=== Problem requirements ===
After removing every image, reproduce the data exactly as it appears.

=== Data shown ===
*** Block opens ***

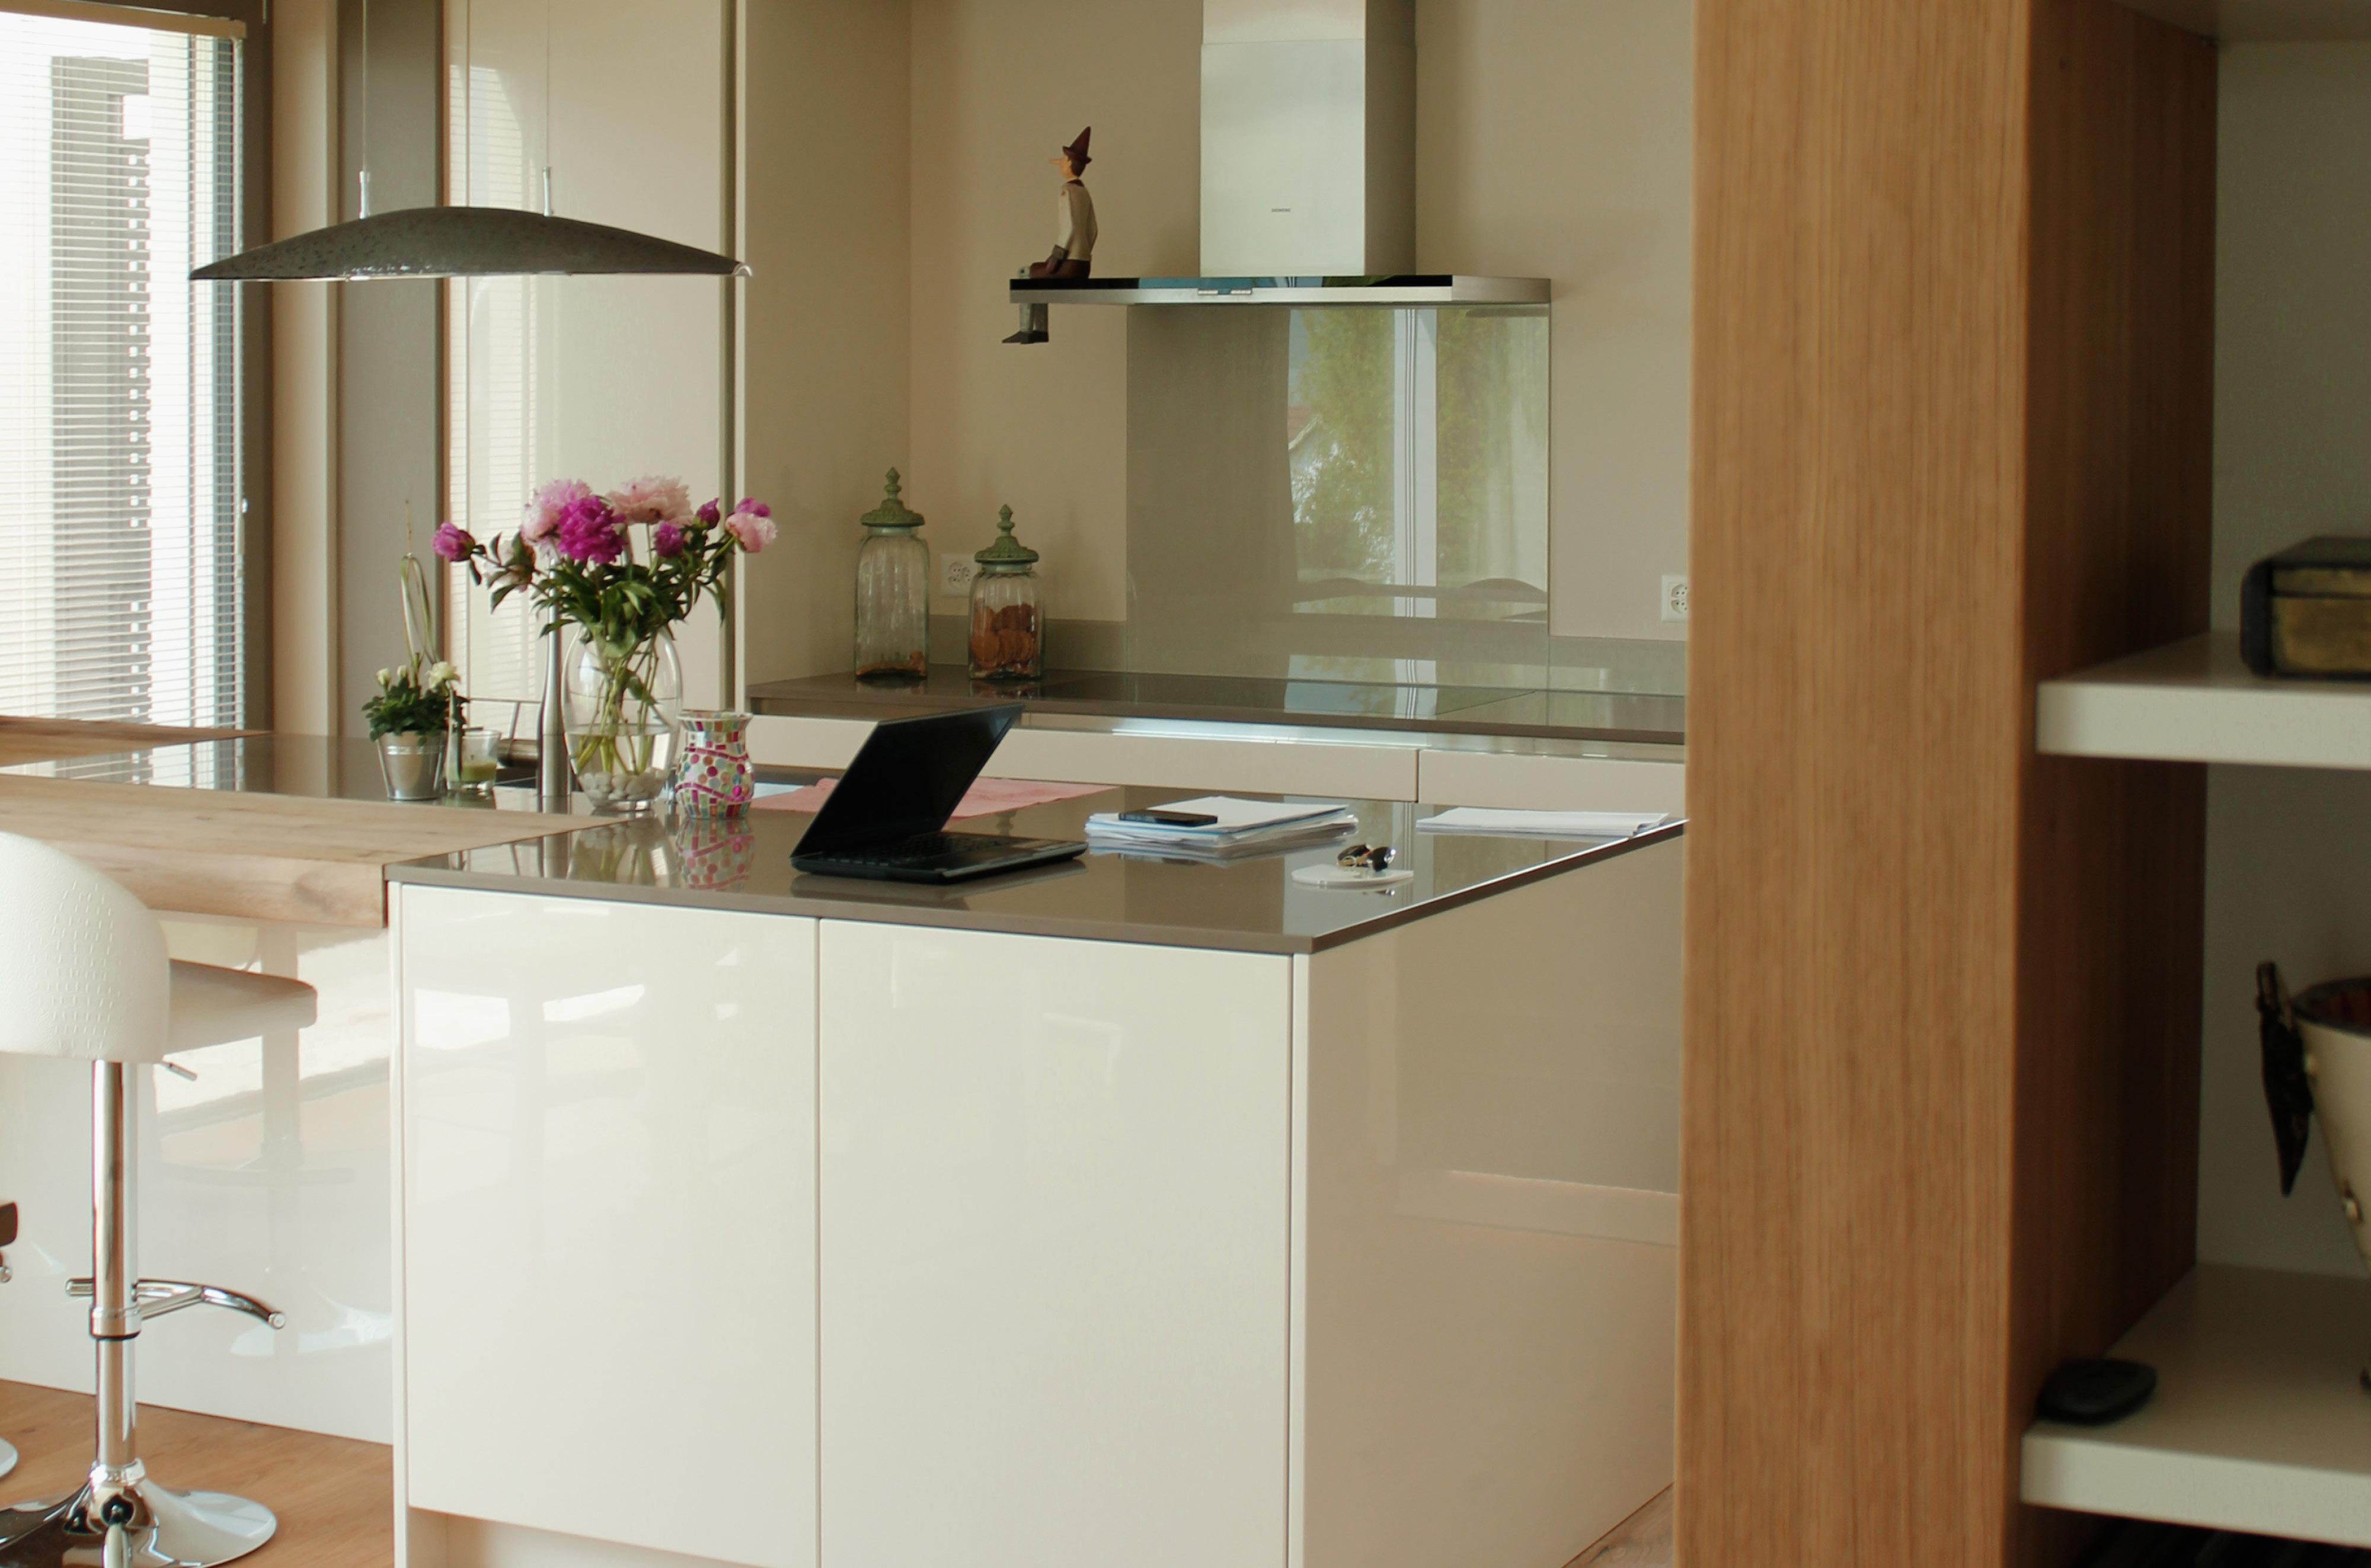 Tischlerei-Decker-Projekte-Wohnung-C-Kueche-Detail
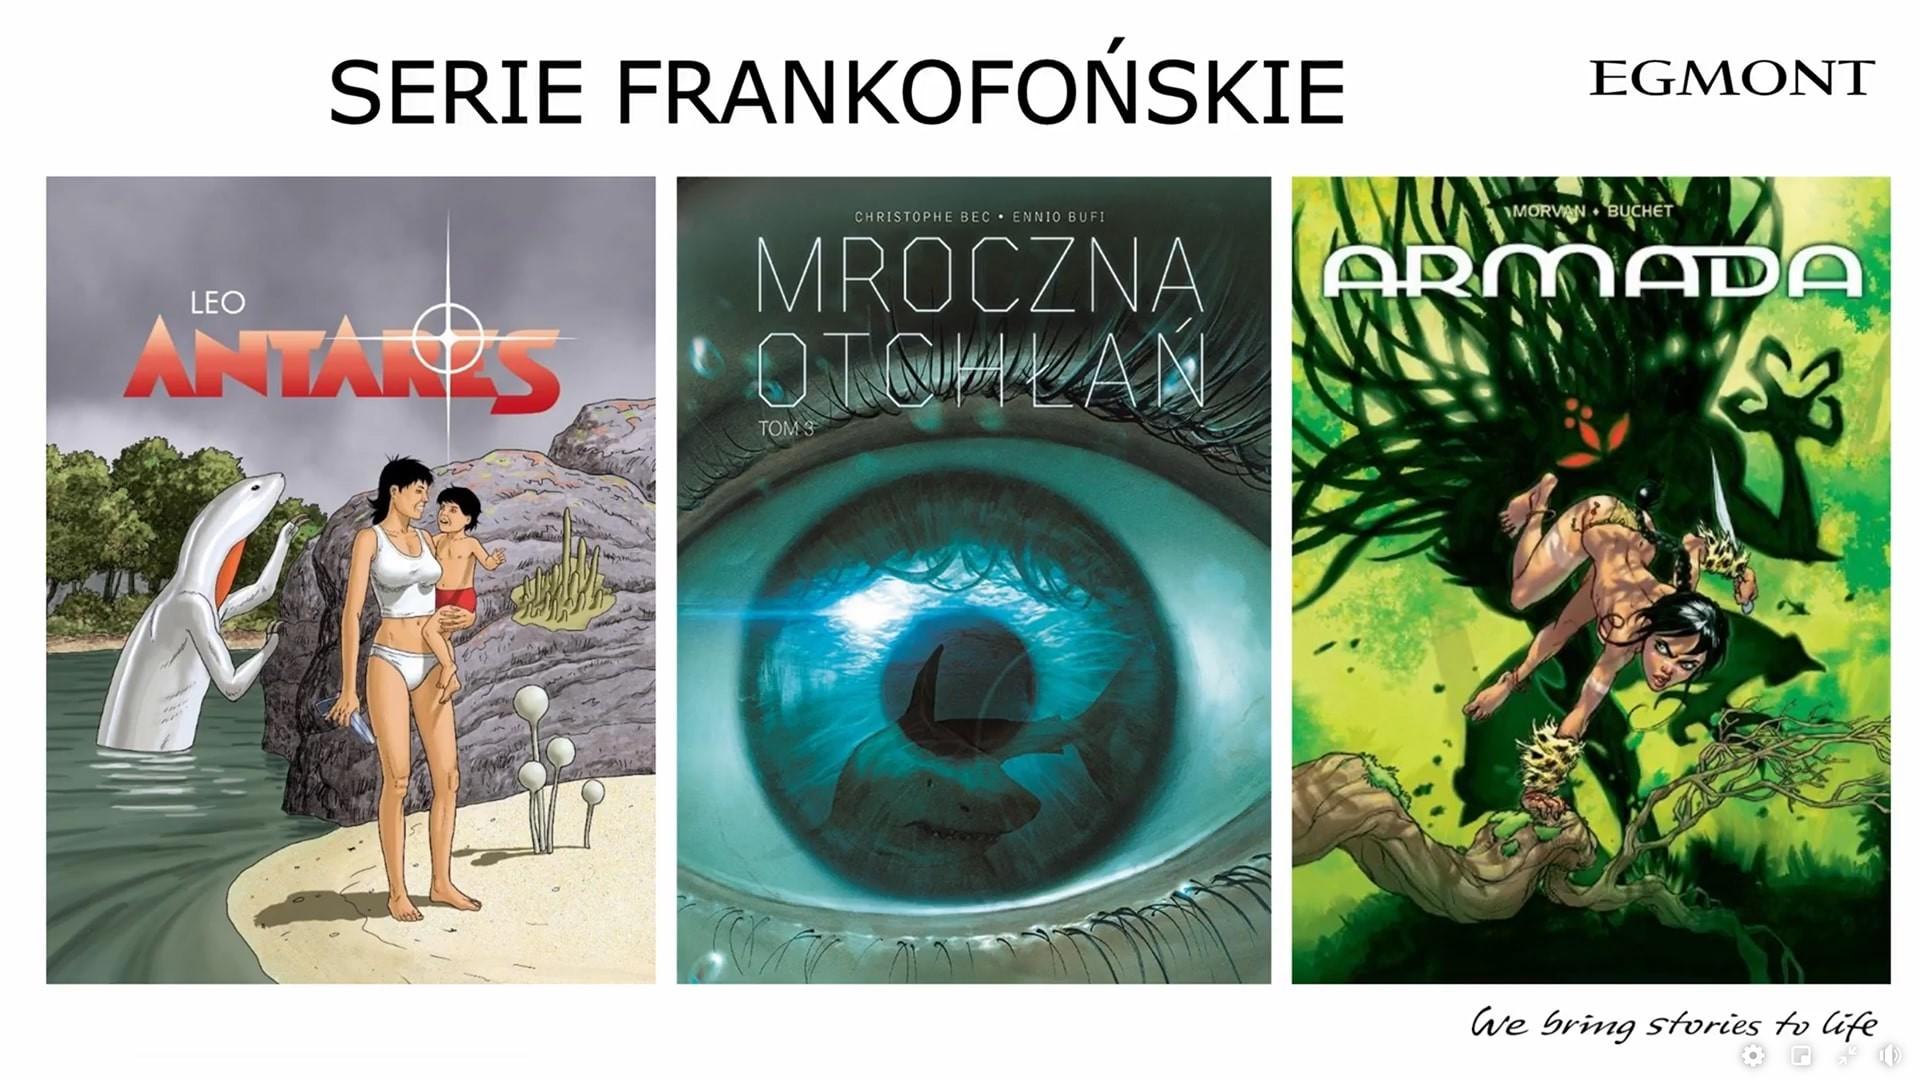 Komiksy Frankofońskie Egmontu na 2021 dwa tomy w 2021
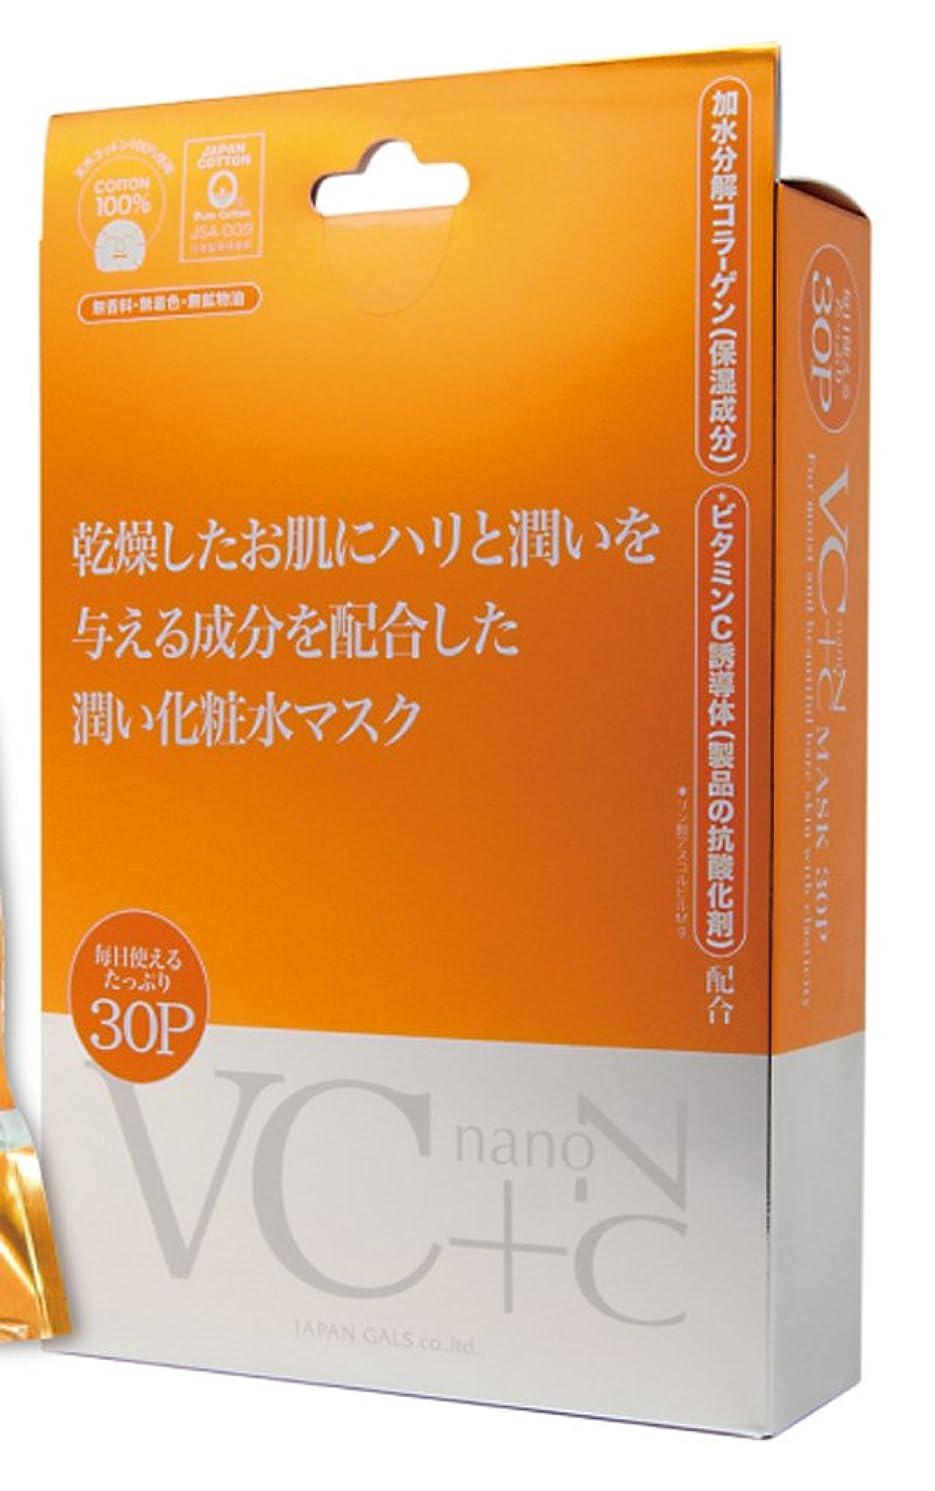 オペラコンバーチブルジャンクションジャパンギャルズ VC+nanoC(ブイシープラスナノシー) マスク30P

*** Block closes ***

=== Solution to this exercise ===
 Tischlerei-Decker-Projekte-Wohnung-C-Kueche-Detail
 Komiksy Frankofońskie Egmontu na 2021 dwa tomy w 2021
 オペラコンバーチブルジャンクションジャパンギャルズ VC+nanoC(ブイシープラスナノシー) マスク30P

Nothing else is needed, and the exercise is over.